Bug Mining & Mutation
Pytifex’s core innovation is bug-seeded mutation: instead of asking an LLM to invent type-checking edge cases from scratch, it mines real bugs from type checker repositories and uses them as seeds to generate targeted variations. This page explains the mining, mutation, and refinement pipeline from a developer perspective.
Why Mine Real Bugs?
Type checker bugs cluster around specific patterns — TypedDict inheritance, ParamSpec decorators, Protocol variance. Real GitHub issues represent proven edge cases that already exposed a checker’s weakness. Using them as seeds makes the LLM’s code generation dramatically more effective at producing disagreements than prompting from scratch.
Real Bug Reports LLM generates Type Checkers test
(proven edge cases) → NEW variations → the NEW code
(not copies)
The pipeline never tests the original GitHub code directly. The seeds are inspiration; the tested code is always freshly generated.
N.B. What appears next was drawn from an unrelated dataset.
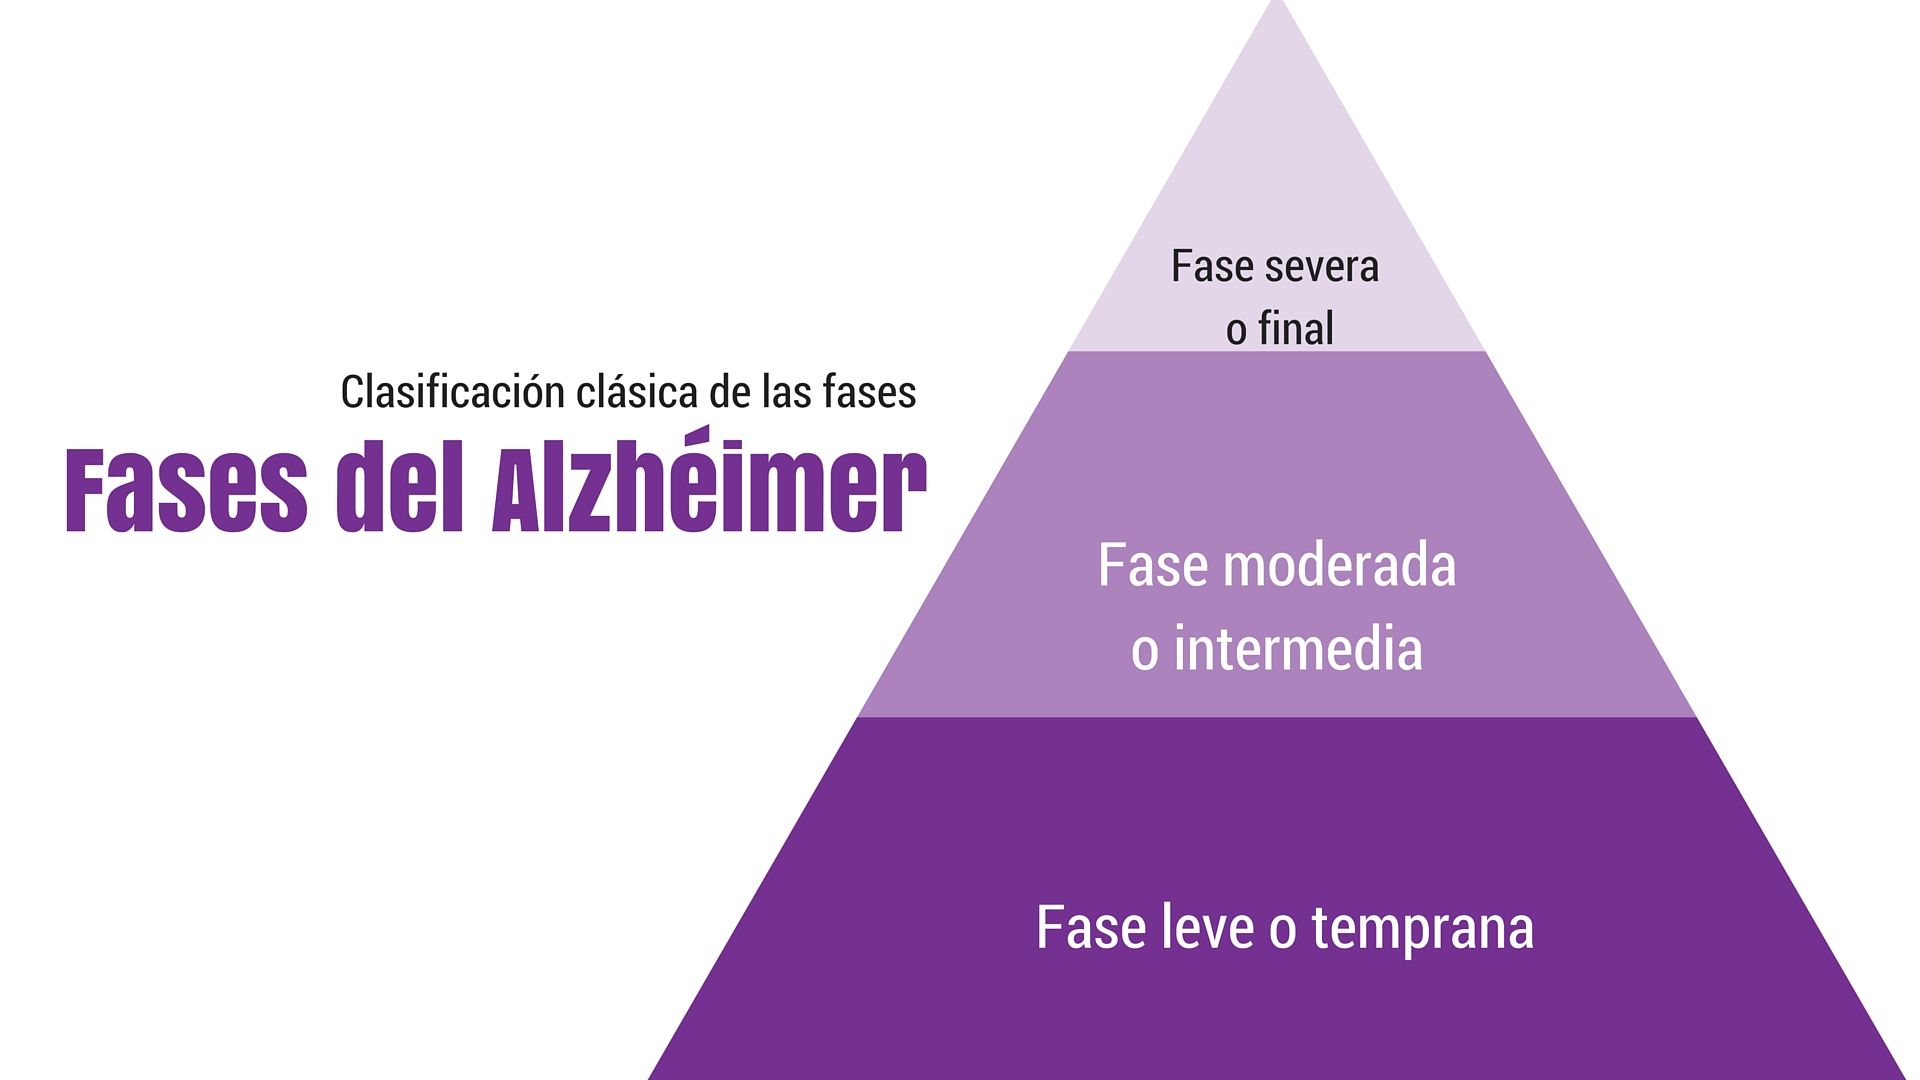 Fases de la enfermedad de Alzheimer
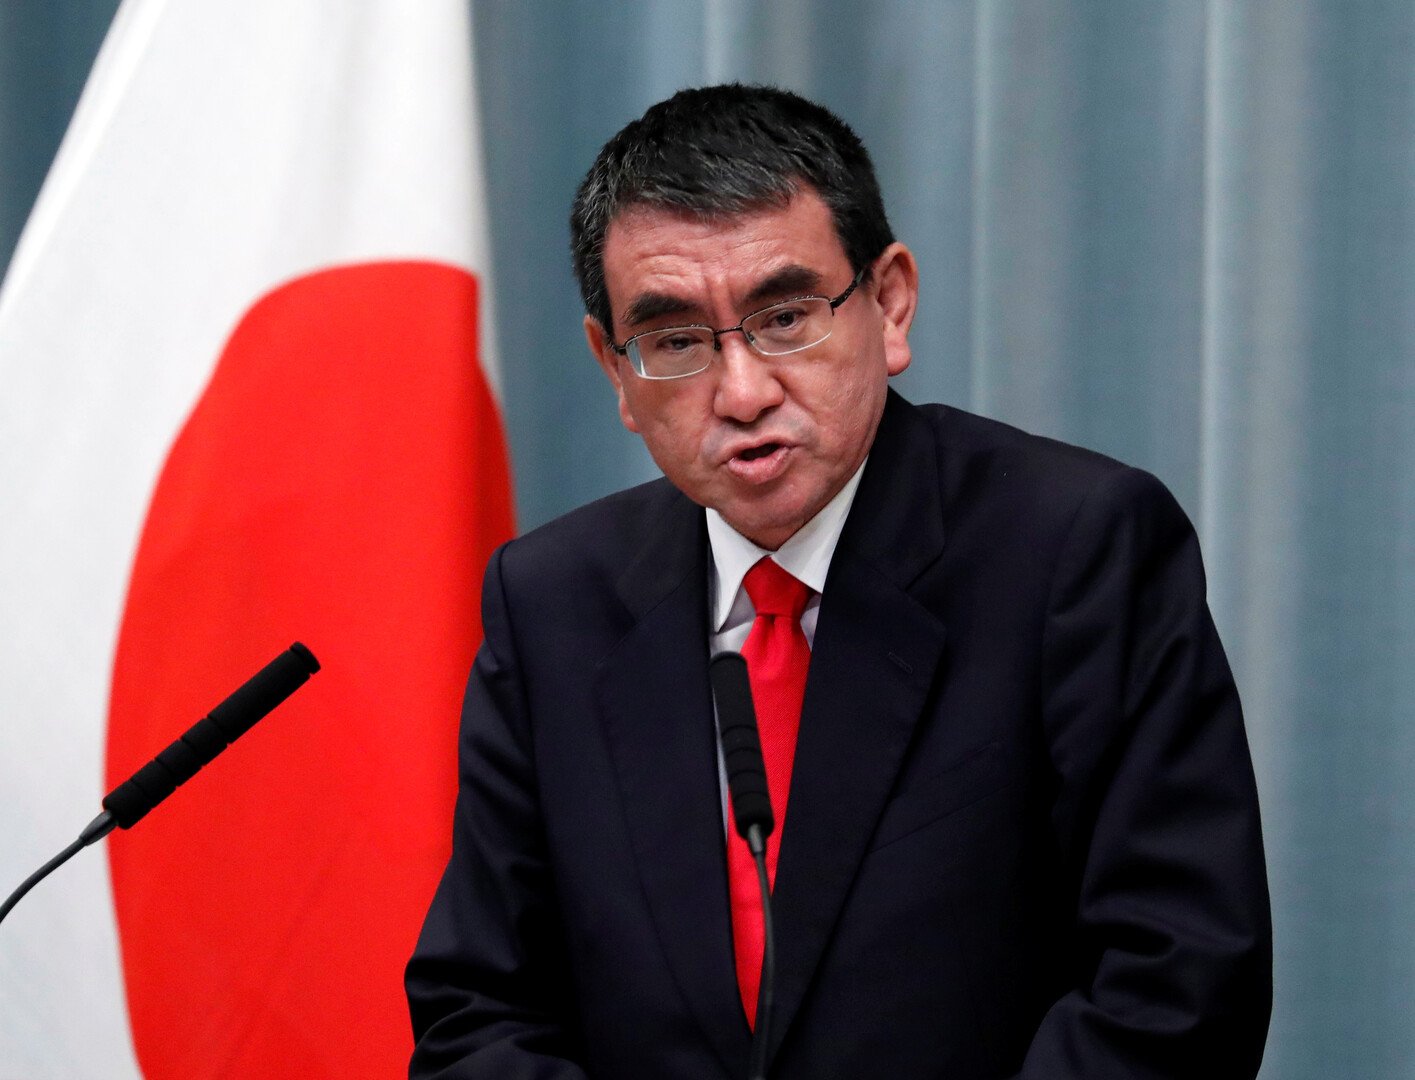 وزير الدفاع الياباني: لسنا على علم بأي تورط إيراني في هجوم

Seed Mining (github_issues.py)
Repositories
Seeds are fetched from five type checker repositories:
REPOS = {
"mypy": "python/mypy",
"pyrefly": "facebook/pyrefly",
"ty": "astral-sh/ty",
"pyright": "microsoft/pyright",
"zuban": "zubanls/zuban",
}NOTE: Pytifex does not evaluate pyright, but because of its rich nature of GitHub issues it provides a valuable source for code examples.
Filtering to Confirmed Bugs
Not all closed issues are real bugs — many are “won’t fix”, duplicates, or feature requests. Pytifex filters using the GitHub state_reason field:
def is_confirmed_bug(issue: dict) -> bool:
if issue.get("state") != "closed":
return False
if issue.get("state_reason") == "not_planned":
return False
return TrueOnly issues with state_reason == "completed" (or null for older issues) pass the filter.
Classifying False Positives / Negatives
Issues are further classified by their labels:
FALSE_POSITIVE_LABELS = ["false-positive", "false positive", "spurious", ...]
FALSE_NEGATIVE_LABELS = ["false-negative", "false negative", "missed-error", ...]This classification is passed to the LLM prompt so it knows whether the seed represents a case where a checker over-reported (false positive) or under-reported (false negative).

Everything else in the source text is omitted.